About this exercise - The full listing, copied exactly and free of pictures, is the expected reply.

--------------------

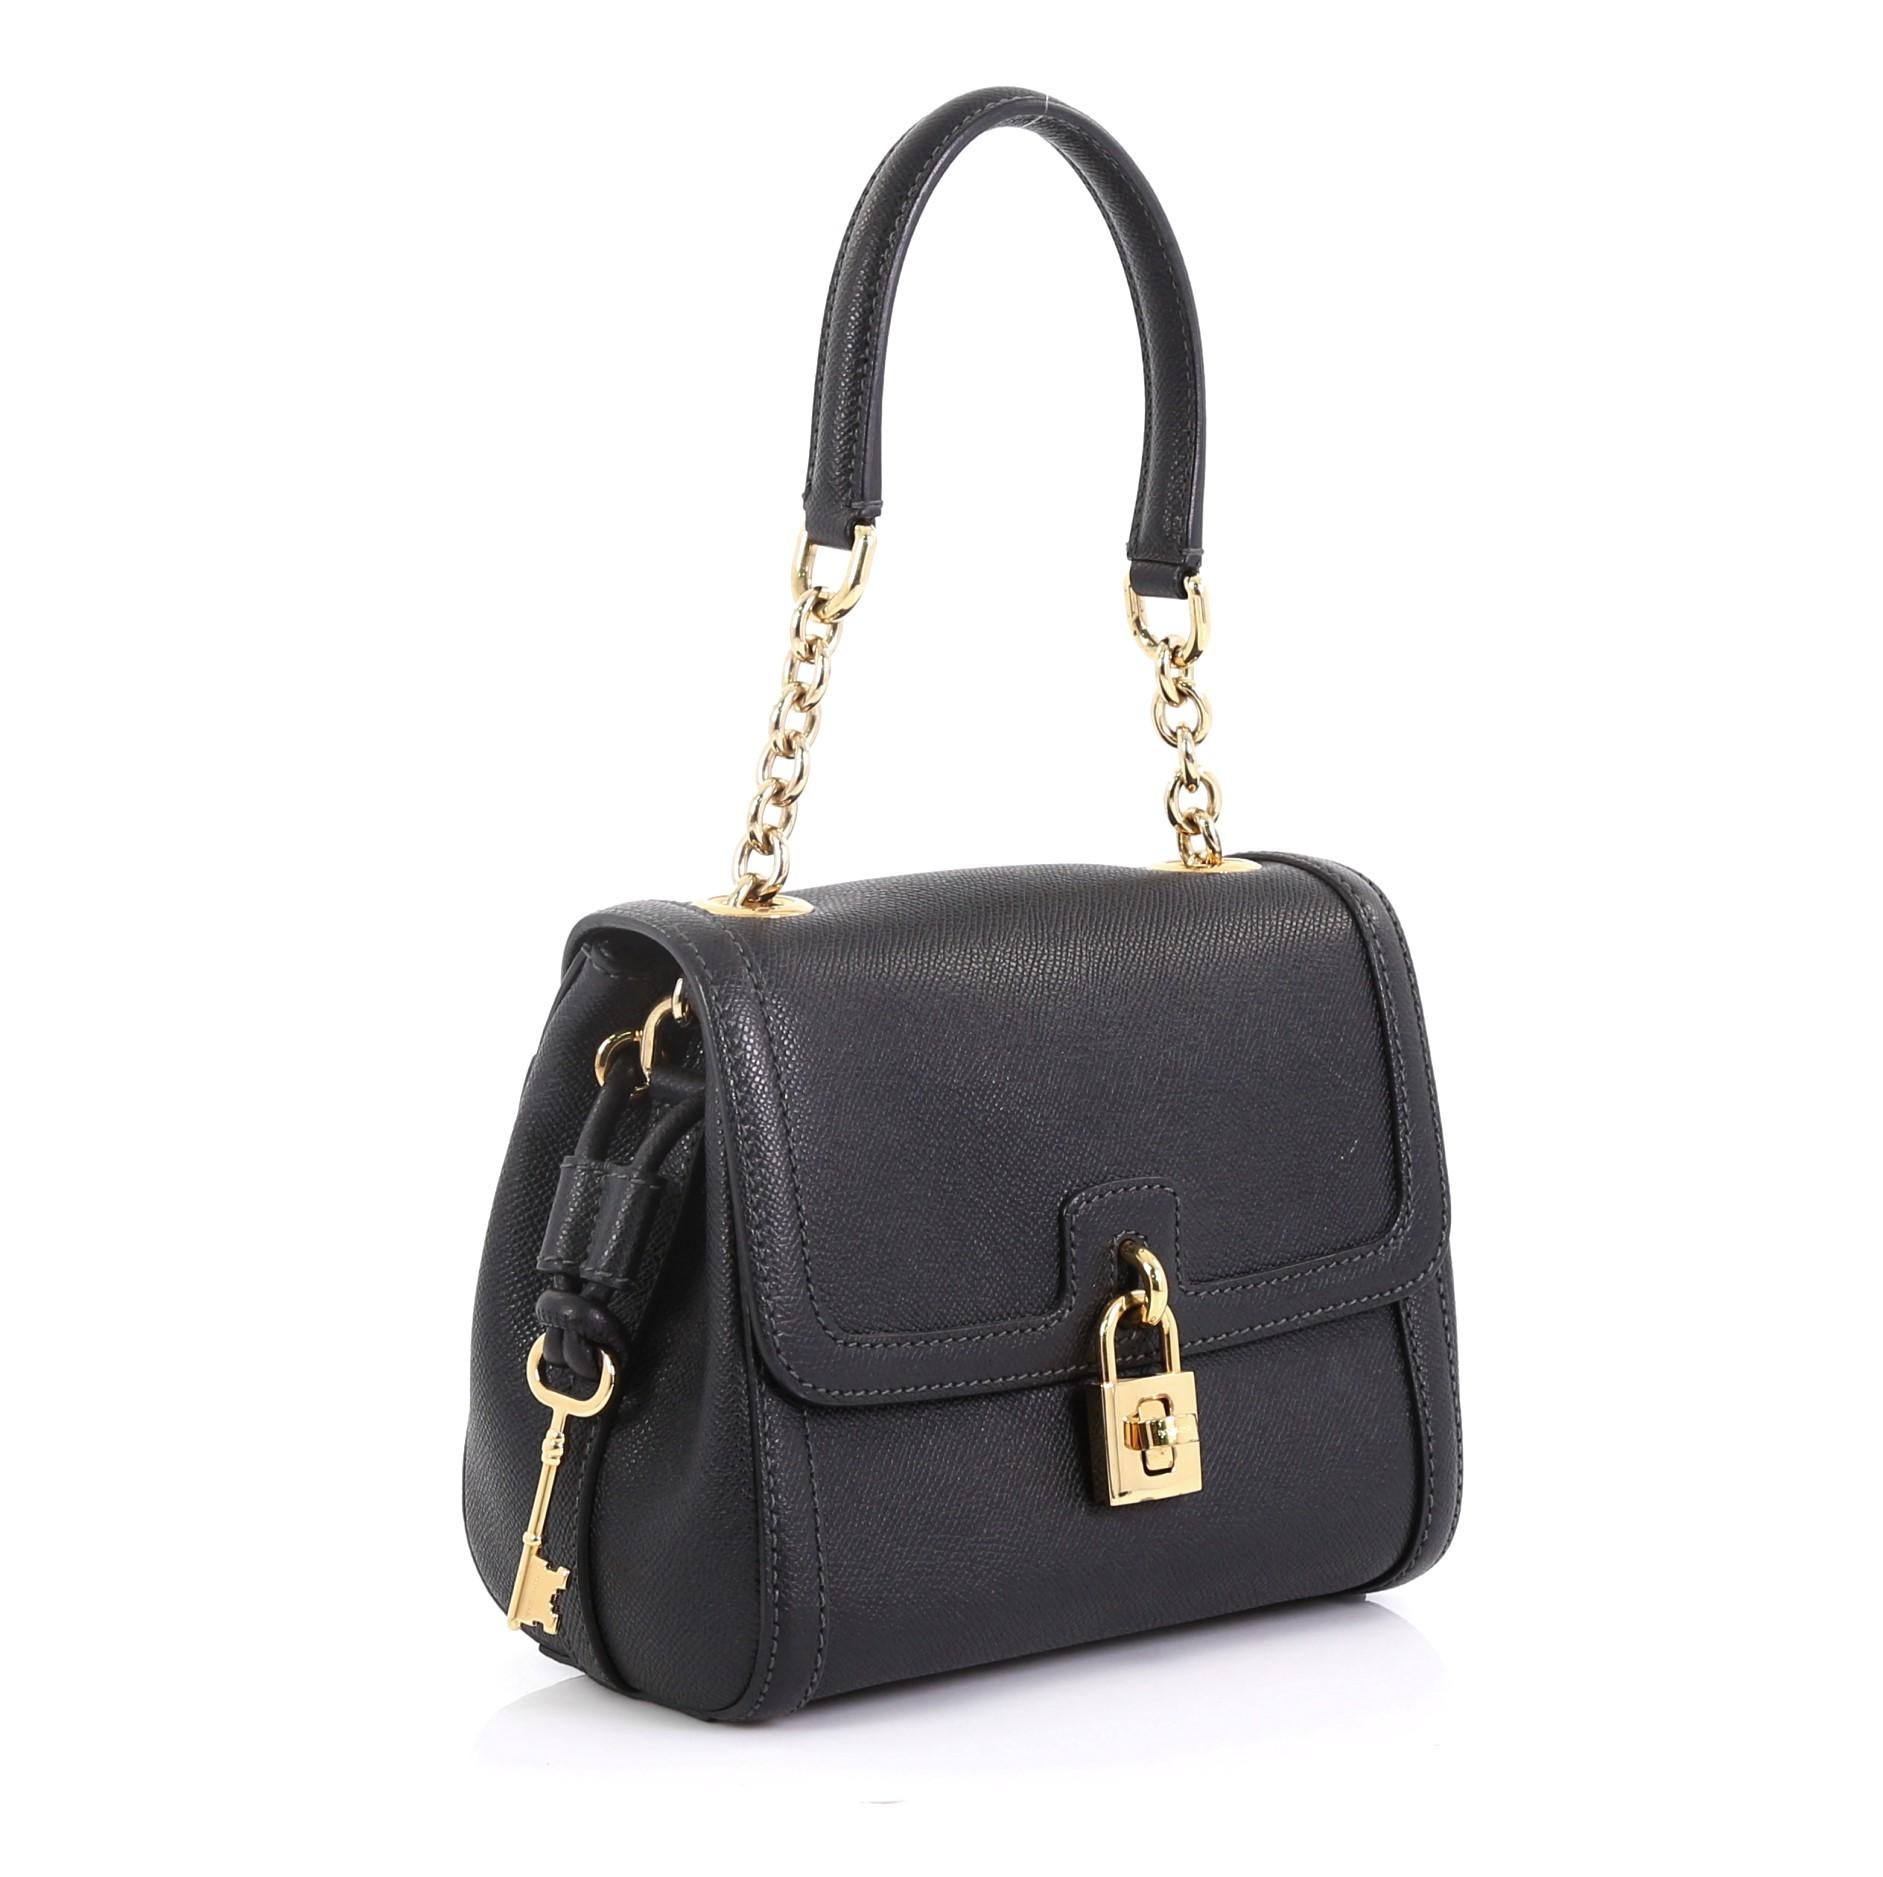 This Dolce & Gabbana Miss Bonita Satchel Leather Mini, crafted in black leather, features a chain-link and leather handle, frontal flap, and gold-tone hardware. Its decorative lock with twist-lock closure opens to a cheetah print fabric interior
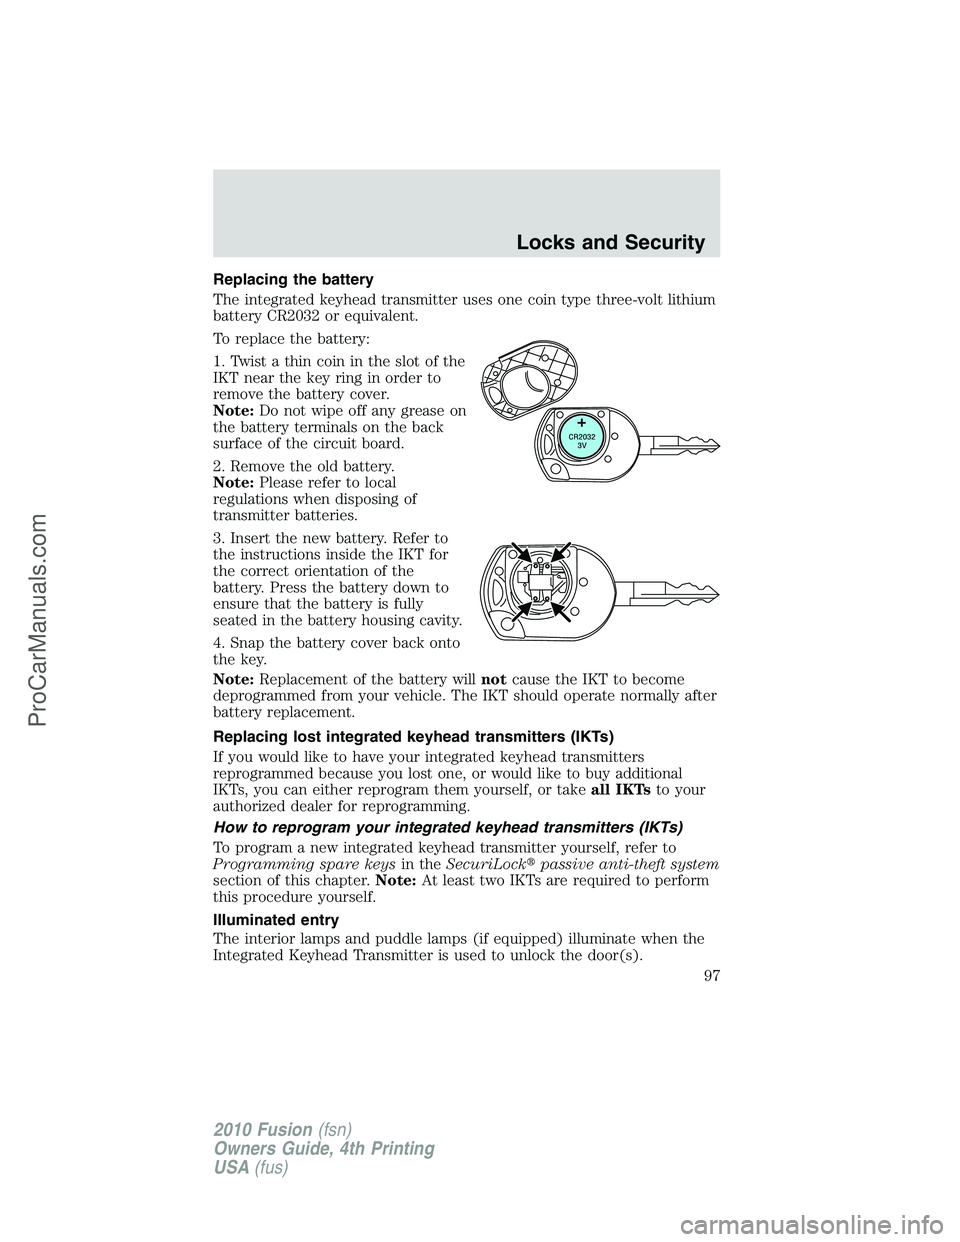 FORD FUSION 2010  Owners Manual Replacing the battery
The integrated keyhead transmitter uses one coin type three-volt lithium
battery CR2032 or equivalent.
To replace the battery:
1. Twist a thin coin in the slot of the
IKT near th
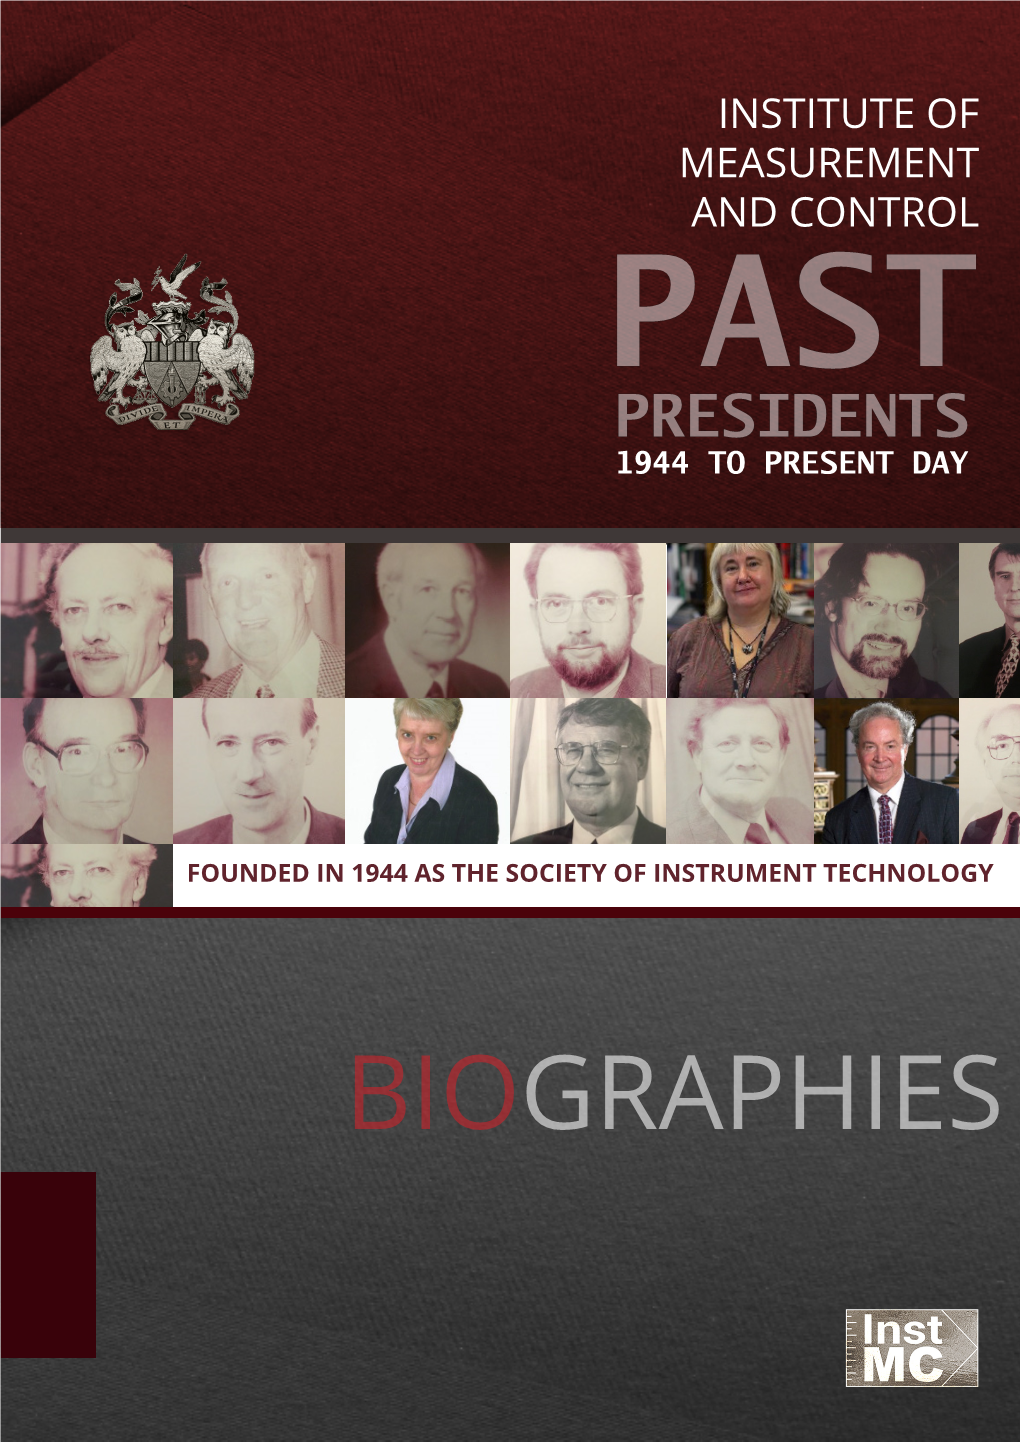 Presidents 1944 to Present Day
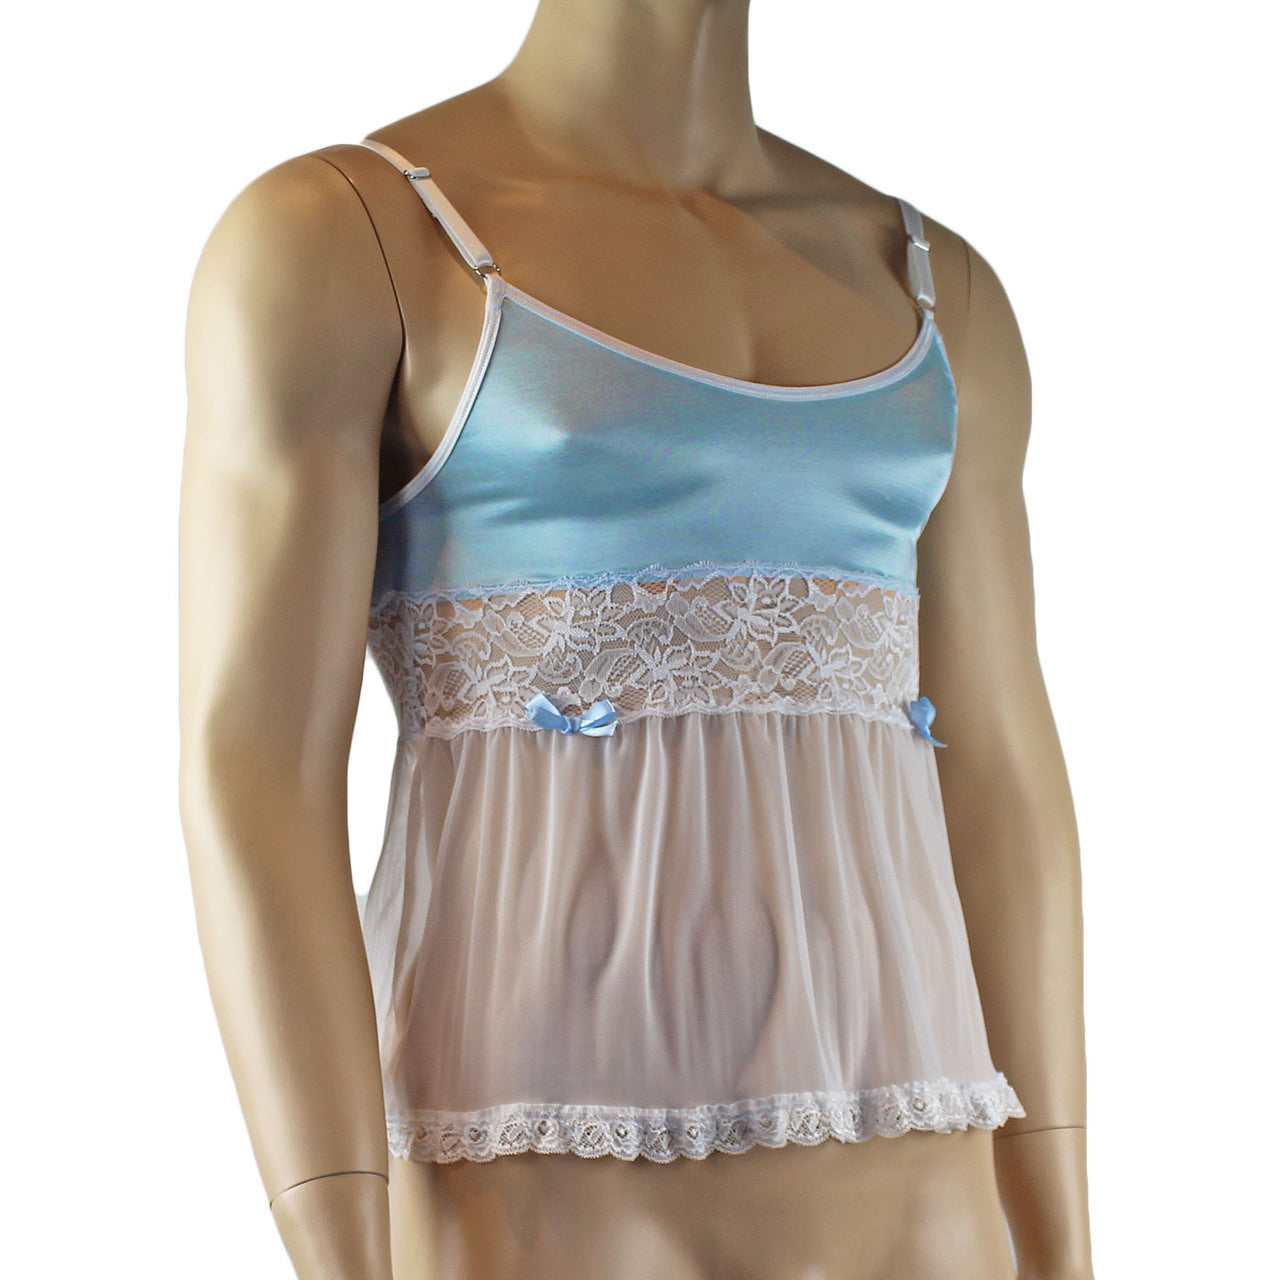 Mens Joanne Mini Babydoll Camisole - Sizes up to 3XL Light Blue & White

--------------------

Expected answer -
 This Dolce & Gabbana Miss Bonita Satchel Leather Mini, crafted in black leather, features a chain-link and leather handle, frontal flap, and gold-tone hardware. Its decorative lock with twist-lock closure opens to a cheetah print fabric interior
 FORD FUSION 2010  Owners Manual Replacing the battery
The integrated keyhead transmitter uses one coin type three-volt lithium
battery CR2032 or equivalent.
To replace the battery:
1. Twist a thin coin in the slot of the
IKT near th
 Presidents 1944 to Present Day
 Mens Joanne Mini Babydoll Camisole - Sizes up to 3XL Light Blue & White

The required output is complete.